=== Section Start ===

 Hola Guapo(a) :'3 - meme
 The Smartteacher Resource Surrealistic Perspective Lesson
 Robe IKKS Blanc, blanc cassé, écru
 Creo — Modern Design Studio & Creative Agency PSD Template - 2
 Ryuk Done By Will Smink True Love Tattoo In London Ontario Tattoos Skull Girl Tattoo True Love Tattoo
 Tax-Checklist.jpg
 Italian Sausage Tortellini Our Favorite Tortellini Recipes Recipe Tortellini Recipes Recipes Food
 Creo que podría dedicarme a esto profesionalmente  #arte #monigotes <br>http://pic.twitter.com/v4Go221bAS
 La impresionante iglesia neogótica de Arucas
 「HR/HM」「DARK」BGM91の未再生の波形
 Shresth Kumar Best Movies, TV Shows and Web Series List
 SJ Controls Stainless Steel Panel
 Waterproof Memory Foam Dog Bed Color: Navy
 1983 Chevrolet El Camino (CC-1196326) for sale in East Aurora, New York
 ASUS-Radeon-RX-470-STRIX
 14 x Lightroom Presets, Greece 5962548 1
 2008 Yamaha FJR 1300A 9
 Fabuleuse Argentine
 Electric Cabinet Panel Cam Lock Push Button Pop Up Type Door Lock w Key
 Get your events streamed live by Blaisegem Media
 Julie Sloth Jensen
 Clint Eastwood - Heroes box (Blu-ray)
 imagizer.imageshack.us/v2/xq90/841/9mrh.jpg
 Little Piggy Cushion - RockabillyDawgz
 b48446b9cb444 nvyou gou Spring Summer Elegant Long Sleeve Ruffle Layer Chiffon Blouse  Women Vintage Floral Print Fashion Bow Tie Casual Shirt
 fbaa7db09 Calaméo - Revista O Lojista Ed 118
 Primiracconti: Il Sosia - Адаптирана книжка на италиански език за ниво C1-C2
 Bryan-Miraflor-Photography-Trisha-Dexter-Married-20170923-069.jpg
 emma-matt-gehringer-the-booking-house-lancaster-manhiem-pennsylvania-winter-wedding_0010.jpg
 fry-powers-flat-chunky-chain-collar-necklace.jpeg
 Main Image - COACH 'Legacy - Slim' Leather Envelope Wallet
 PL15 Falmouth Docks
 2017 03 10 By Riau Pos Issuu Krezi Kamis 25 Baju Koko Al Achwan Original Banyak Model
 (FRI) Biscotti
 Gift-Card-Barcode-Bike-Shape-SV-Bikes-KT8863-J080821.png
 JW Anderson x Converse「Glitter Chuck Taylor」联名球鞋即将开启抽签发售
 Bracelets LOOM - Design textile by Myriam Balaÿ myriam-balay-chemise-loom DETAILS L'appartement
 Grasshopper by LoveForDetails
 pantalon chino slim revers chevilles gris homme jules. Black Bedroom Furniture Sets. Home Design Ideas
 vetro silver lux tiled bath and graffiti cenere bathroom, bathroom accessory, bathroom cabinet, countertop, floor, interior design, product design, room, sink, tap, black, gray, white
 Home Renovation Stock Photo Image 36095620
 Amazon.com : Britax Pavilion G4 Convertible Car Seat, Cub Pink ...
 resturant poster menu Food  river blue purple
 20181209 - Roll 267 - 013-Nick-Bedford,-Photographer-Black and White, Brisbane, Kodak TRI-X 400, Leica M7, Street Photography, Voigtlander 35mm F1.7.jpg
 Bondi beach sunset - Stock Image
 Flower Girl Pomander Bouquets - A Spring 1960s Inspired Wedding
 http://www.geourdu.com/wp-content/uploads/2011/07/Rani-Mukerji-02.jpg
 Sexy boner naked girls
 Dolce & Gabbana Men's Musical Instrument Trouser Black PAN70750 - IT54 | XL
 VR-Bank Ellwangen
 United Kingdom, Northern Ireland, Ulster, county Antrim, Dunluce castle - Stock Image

=== Section End ===

WHAT THE TASK REQUIRES: Above are some lines. Repeat exactly, and only, those from the line that has "Electric Cabinet Panel" through the line that has "(FRI) Biscotti".

SOLUTION FOR THIS TASK:
 Electric Cabinet Panel Cam Lock Push Button Pop Up Type Door Lock w Key
 Get your events streamed live by Blaisegem Media
 Julie Sloth Jensen
 Clint Eastwood - Heroes box (Blu-ray)
 imagizer.imageshack.us/v2/xq90/841/9mrh.jpg
 Little Piggy Cushion - RockabillyDawgz
 b48446b9cb444 nvyou gou Spring Summer Elegant Long Sleeve Ruffle Layer Chiffon Blouse  Women Vintage Floral Print Fashion Bow Tie Casual Shirt
 fbaa7db09 Calaméo - Revista O Lojista Ed 118
 Primiracconti: Il Sosia - Адаптирана книжка на италиански език за ниво C1-C2
 Bryan-Miraflor-Photography-Trisha-Dexter-Married-20170923-069.jpg
 emma-matt-gehringer-the-booking-house-lancaster-manhiem-pennsylvania-winter-wedding_0010.jpg
 fry-powers-flat-chunky-chain-collar-necklace.jpeg
 Main Image - COACH 'Legacy - Slim' Leather Envelope Wallet
 PL15 Falmouth Docks
 2017 03 10 By Riau Pos Issuu Krezi Kamis 25 Baju Koko Al Achwan Original Banyak Model
 (FRI) Biscotti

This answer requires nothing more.